Task statement
Leaving all pictures out, output exactly and only the line containing "West Coast Gifts" and the lines that follow it to the end of the material below.

Data shown
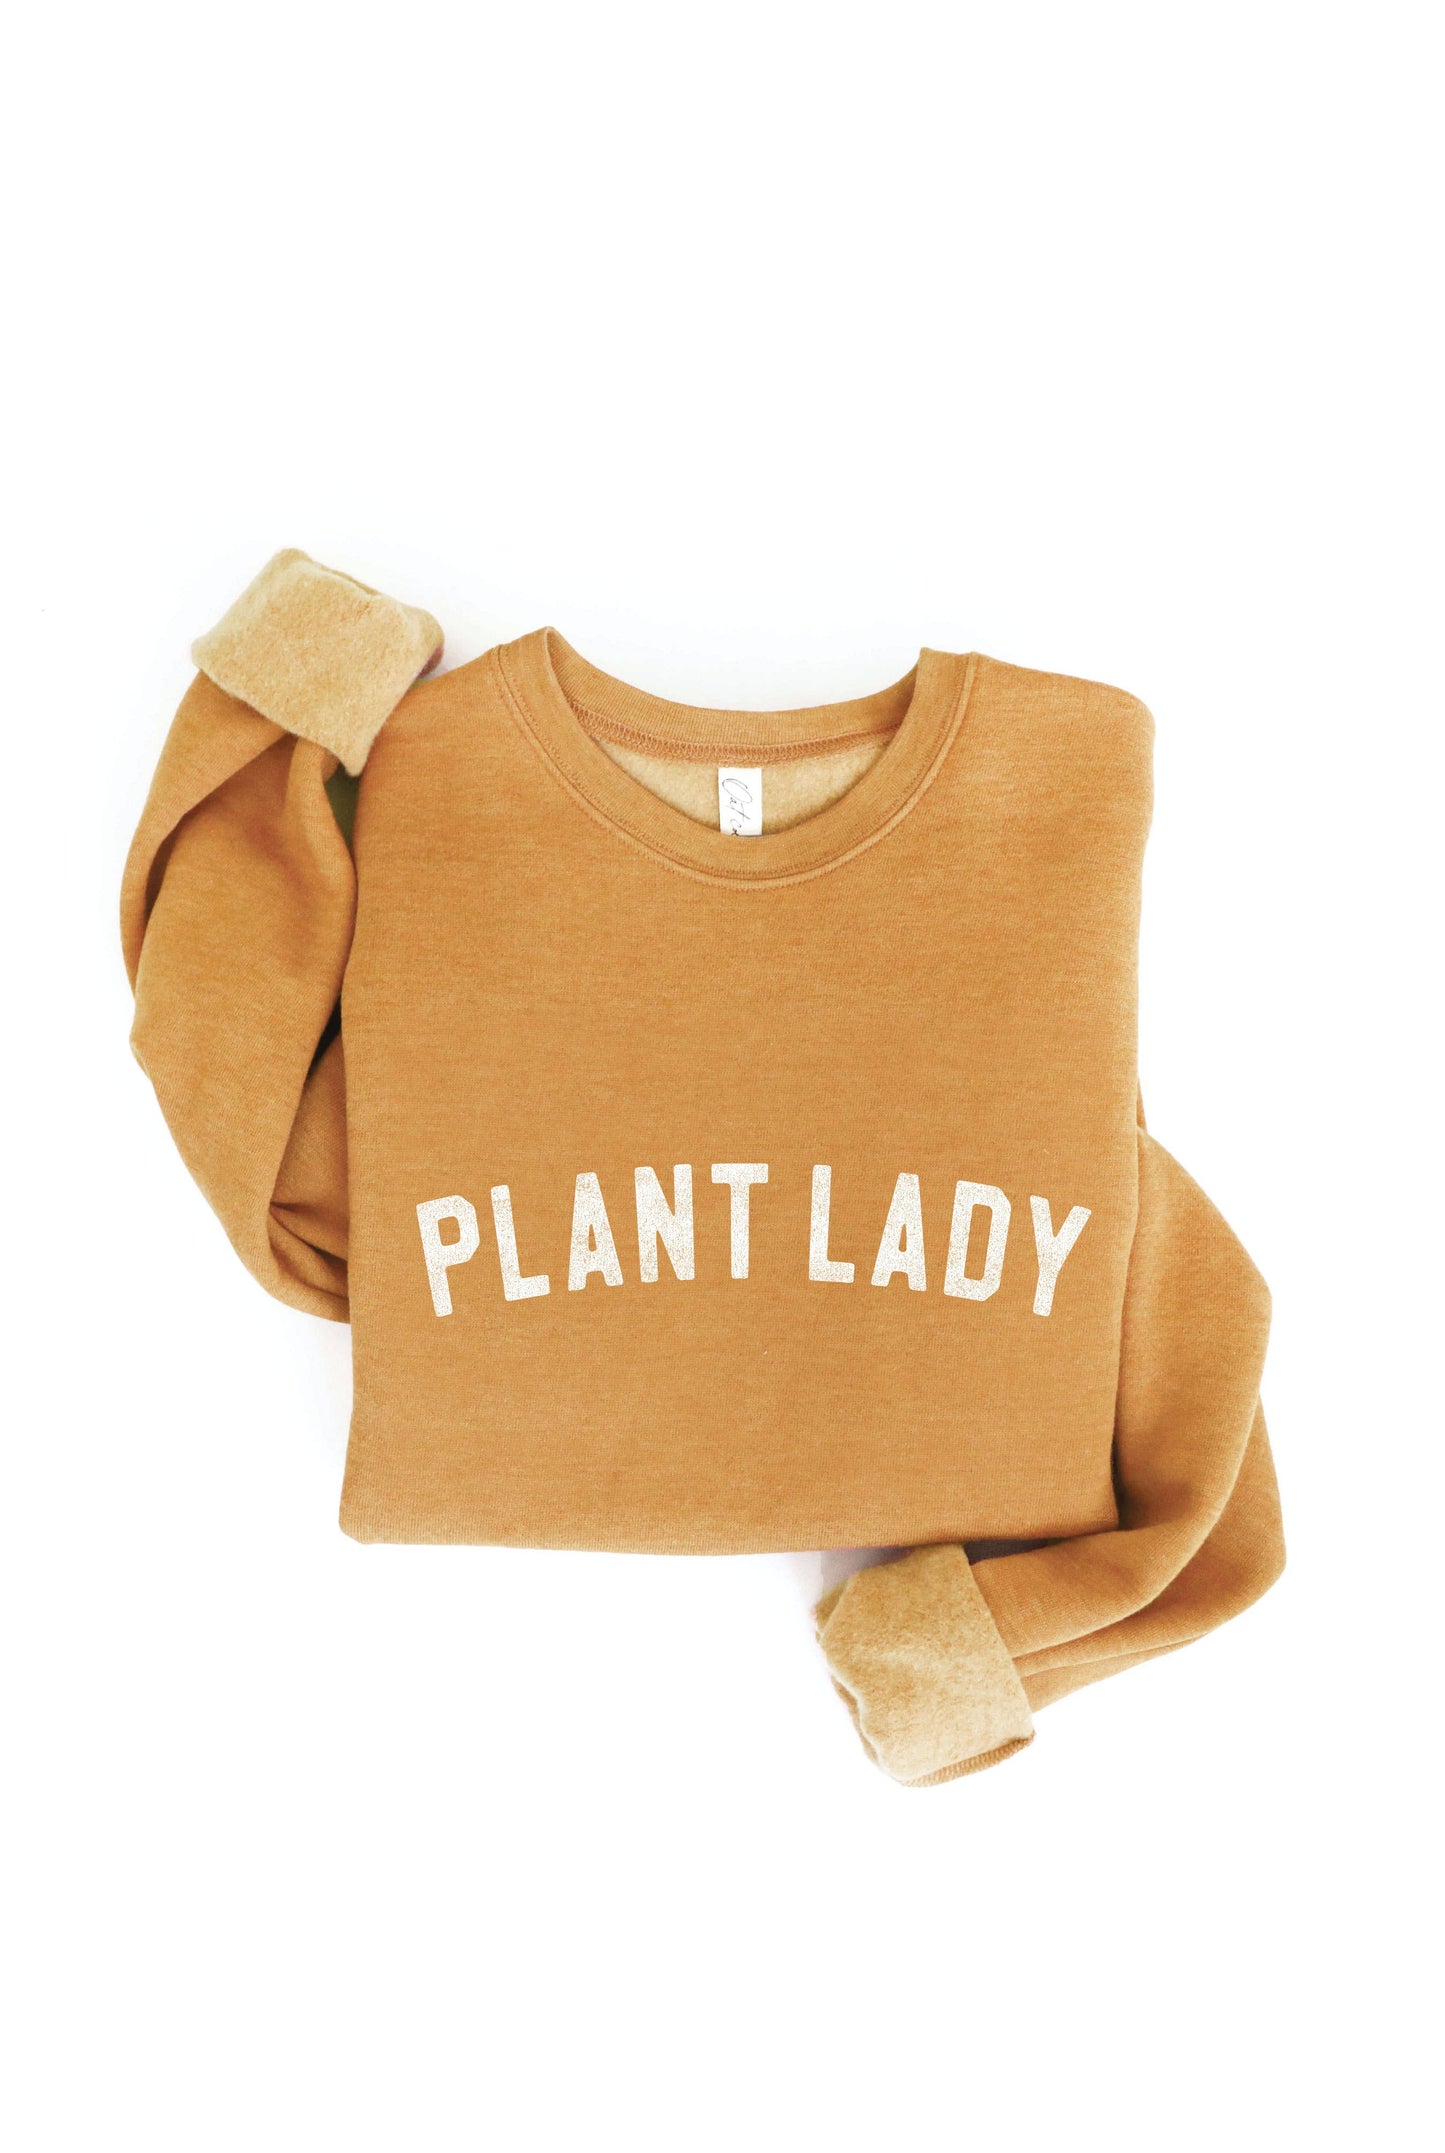 PLANT LADY Print Graphic Sweatshirt: XL / HEATHER FOREST
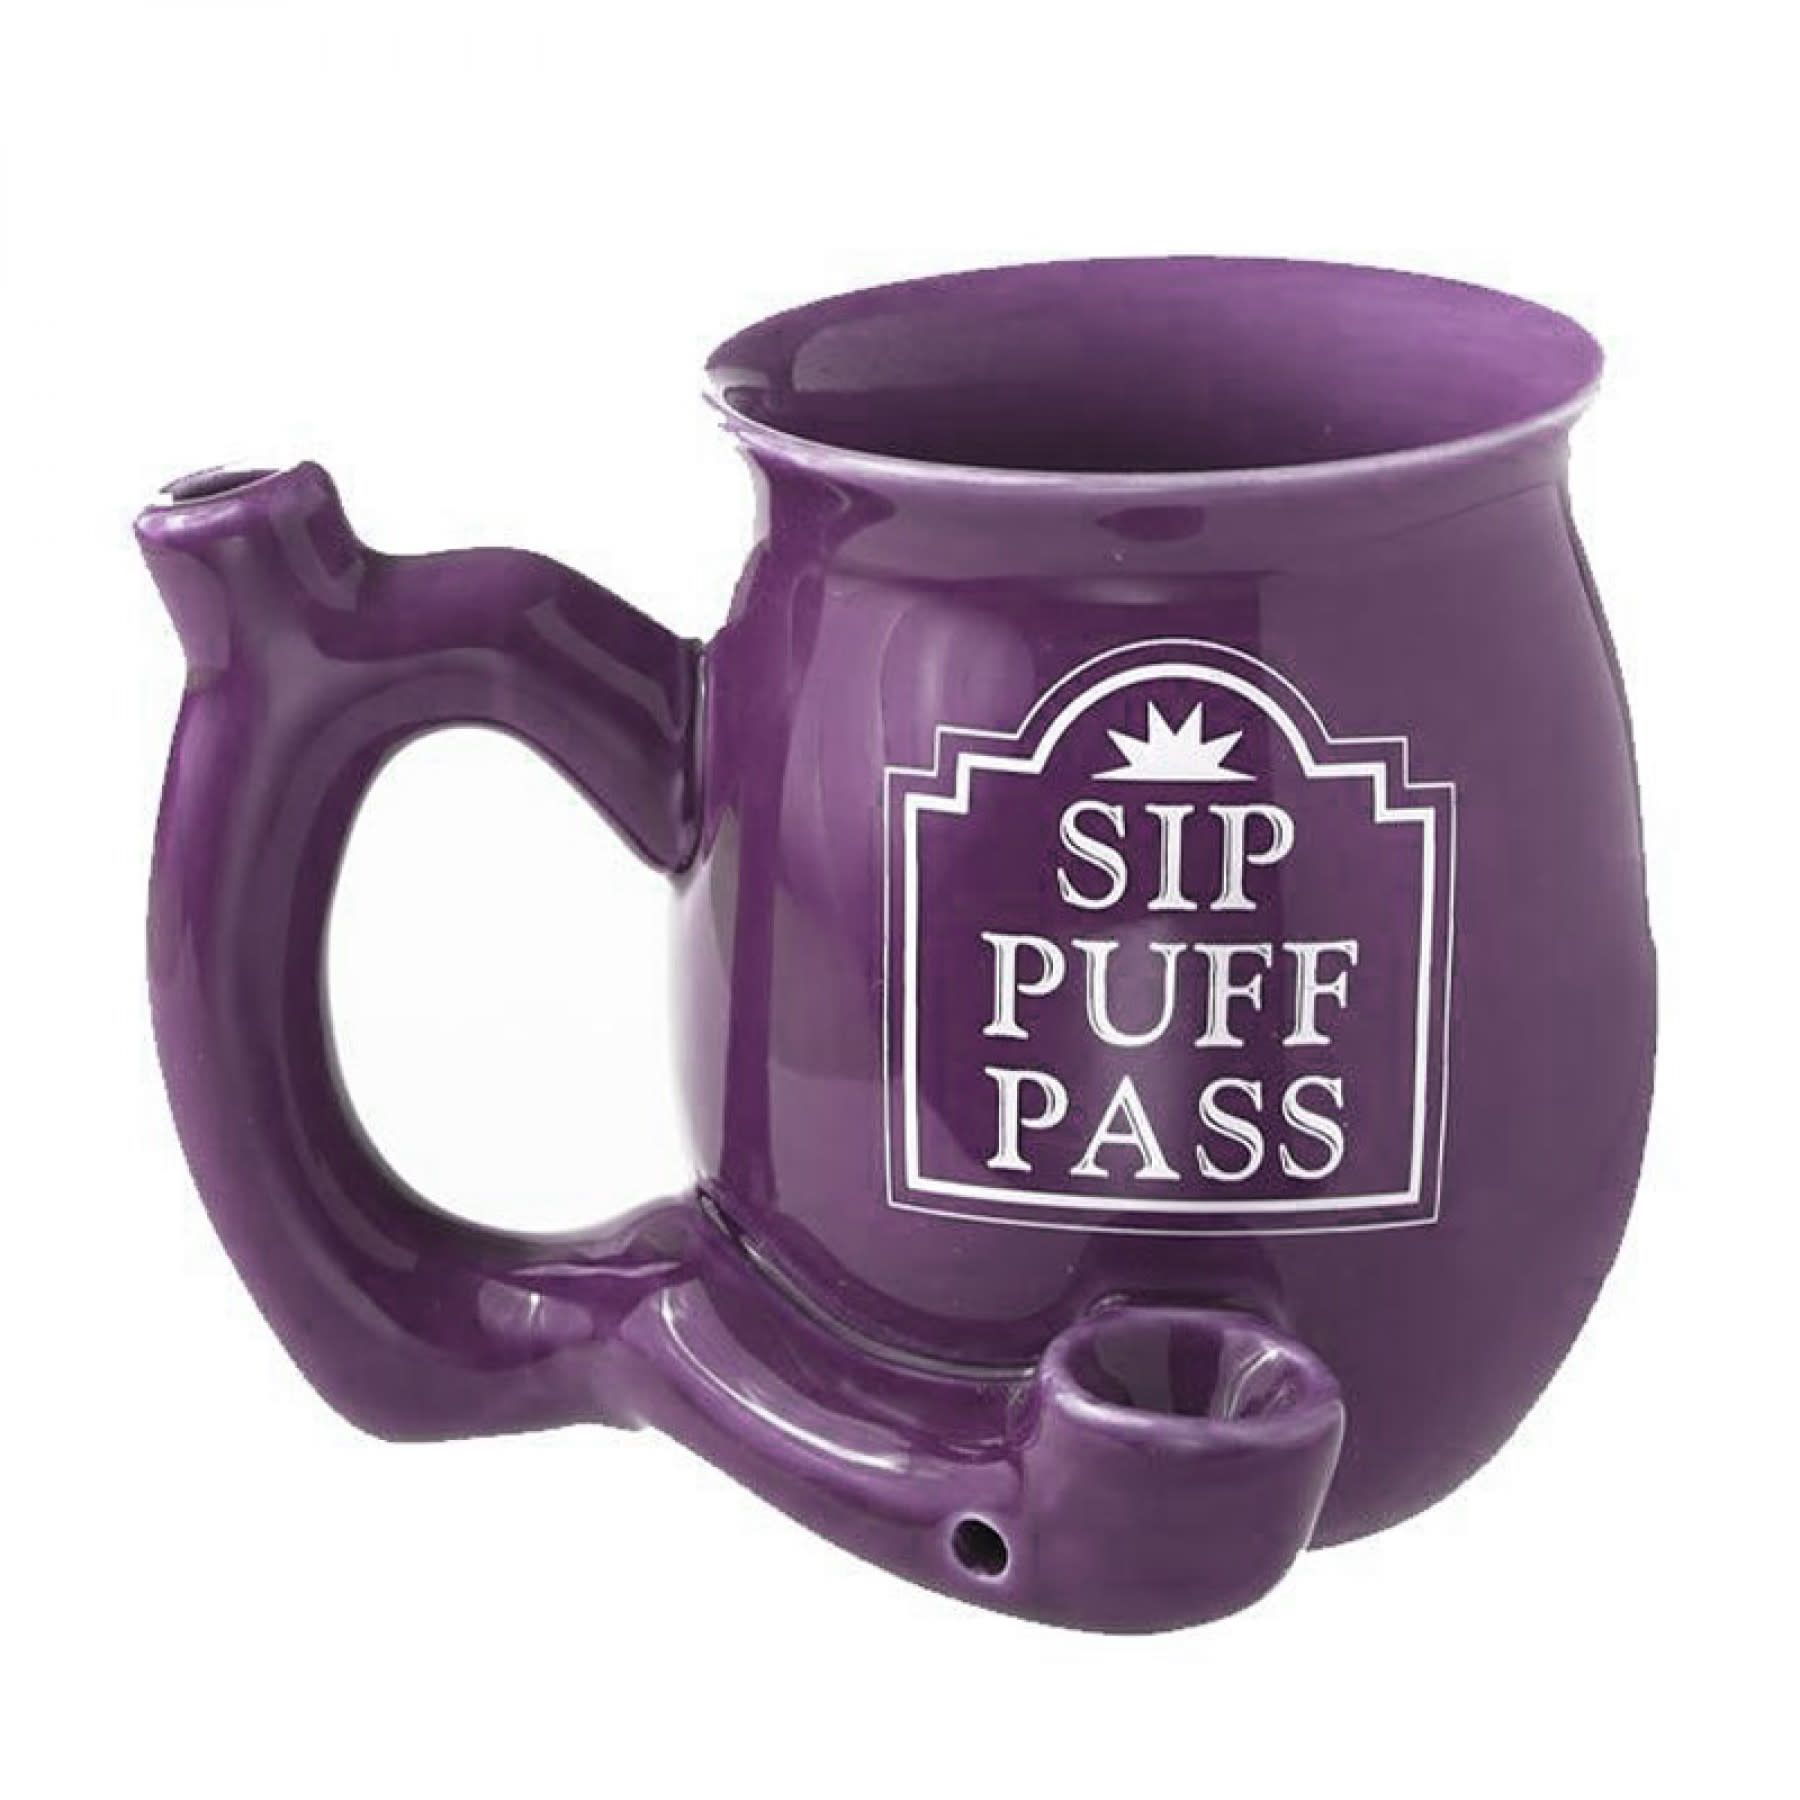 West Coast Gifts Ceramic Sip Puff Pass Mug Pipe - Purple
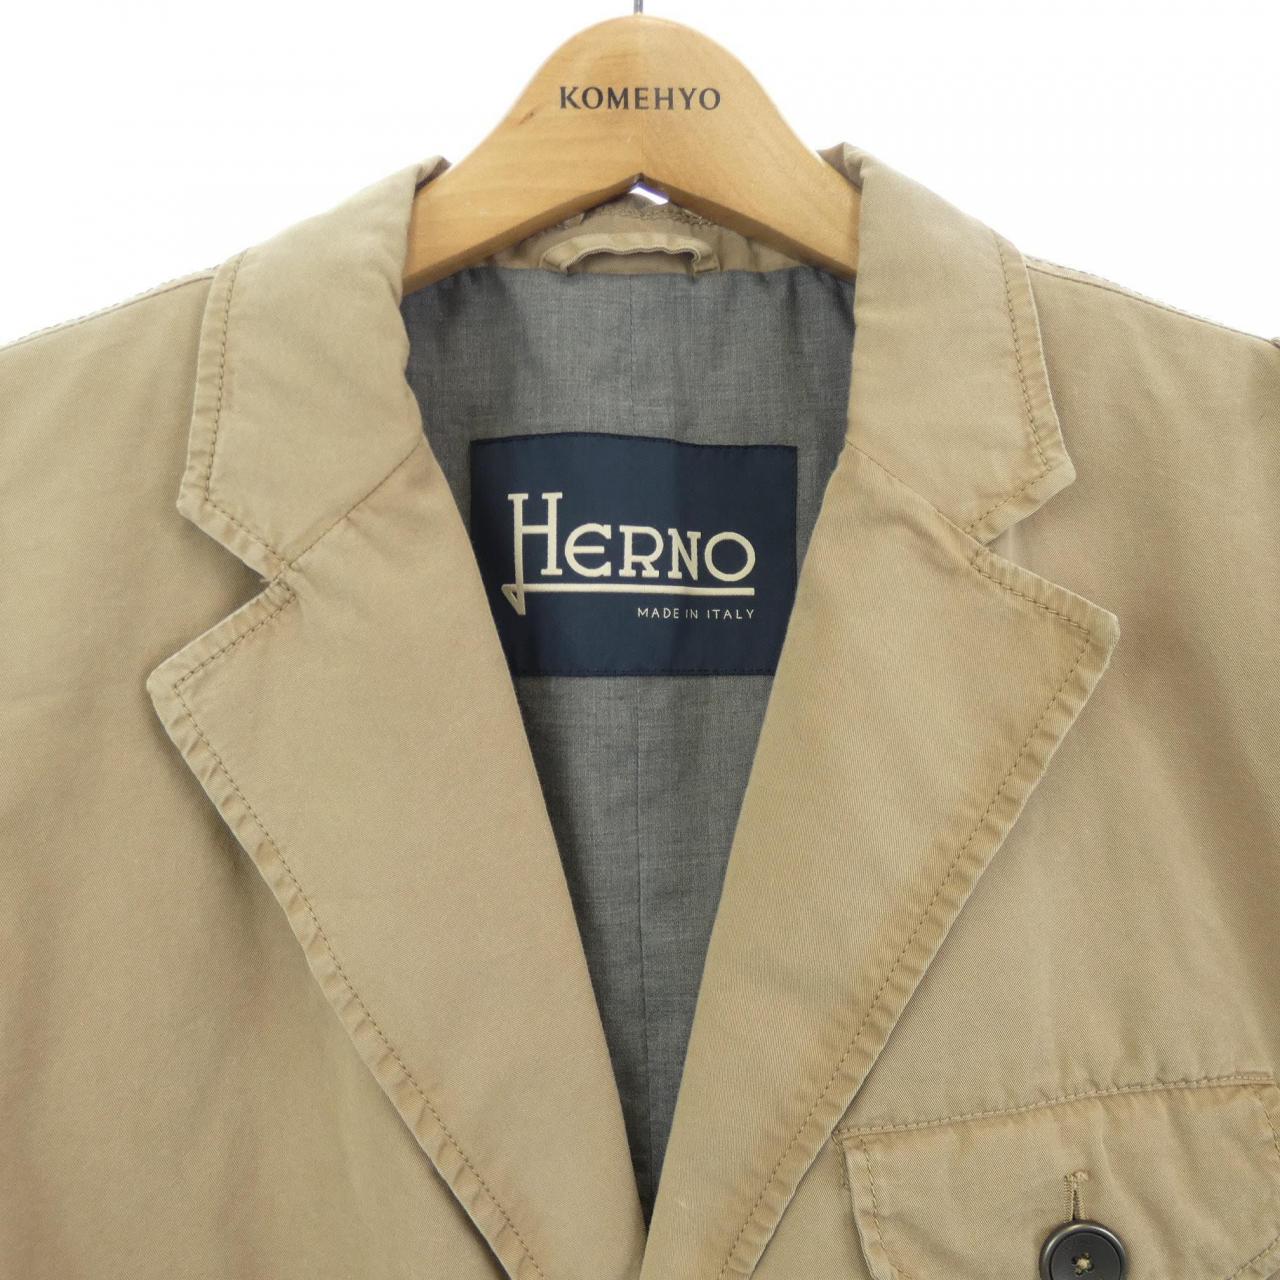 Herno jacket

Result of the task
 West Coast Gifts Ceramic Sip Puff Pass Mug Pipe - Purple
 Herno jacket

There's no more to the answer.